In 1996, Freese joined a reformed Devo for a show at the Sundance Film Festival, replacing David Kendrick. Freese has become their primary drummer in concert and in the studio since. Freese has said that he learned to play drums thanks to Devo's 1980 album Freedom of Choice. Freese played drums on Devo's 2010 album Something for Everybody, and provided backing vocals on Devo's holiday single "Merry Something to You".

=== Guns N' Roses ===
Freese was a member of hard rock band Guns N' Roses from 1997 to 1999, replacing Matt Sorum and signing a two-year contract. Initially hesitant about joining the band, he was persuaded by his friend and collaborator Paul Westerberg of the Replacements, who told Freese, "You should do it. Go do it. It sounds totally wrong; go do it. What are you going to do, be in some totally cool alternative band?

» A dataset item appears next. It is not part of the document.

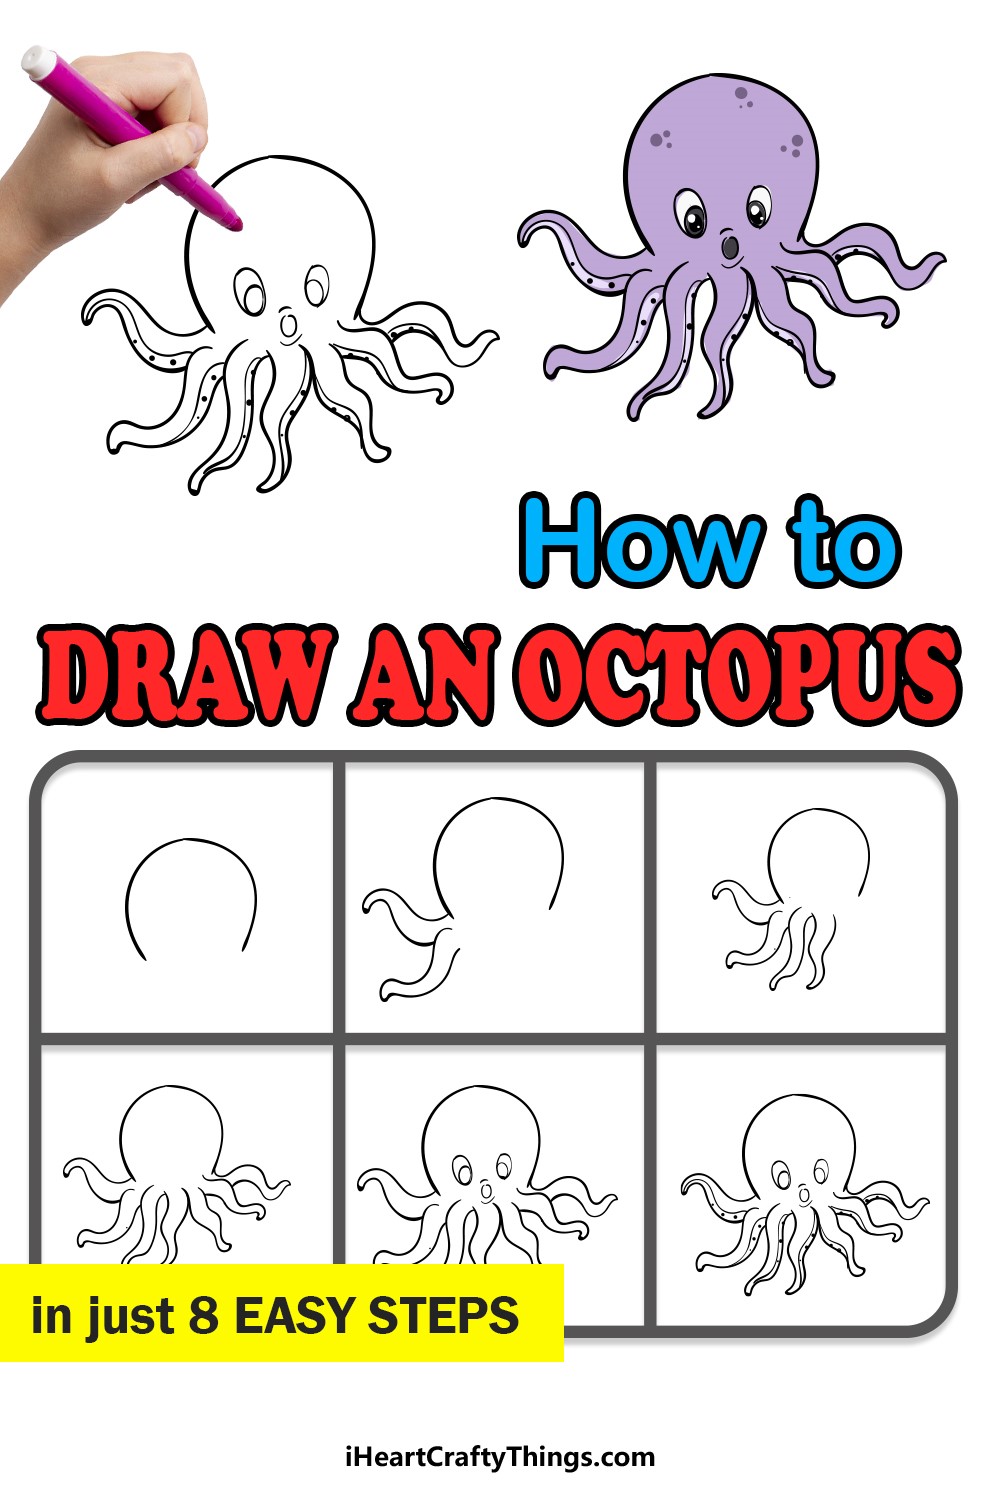 Oktopus-Idee 2 zeichnen ideen

Are you going to join the Foo Fighters or something obvious?" Coincidentally, Freese would subsequently go on to join an alternative band, A Perfect Circle, and later joined Foo Fighters.

With Guns N' Roses, Freese recorded the song "Oh My God" for the End of Days soundtrack and co-wrote the song "Chinese Democracy" with Axl Rose. Freese drummed on 30 tracks to potentially be included on Chinese Democracy, but his recordings were scrapped and re-recorded note-for-note by Bryan Mantia. He was credited with arrangements on four tracks on the album, released in 2008.

=== A Perfect Circle ===
Freese left Guns N' Roses in 1999 to join A Perfect Circle alongside Tool vocalist Maynard James Keenan and the band's founder Billy Howerdel. Freese said he chose to make the switch "because it seemed like a more tangible thing that was really going to happen. These guys aren't spending a million in the studio. They seem like they want to start a regular band. They want to write and record a record and go on tour six weeks from now. It all seemed very realistic."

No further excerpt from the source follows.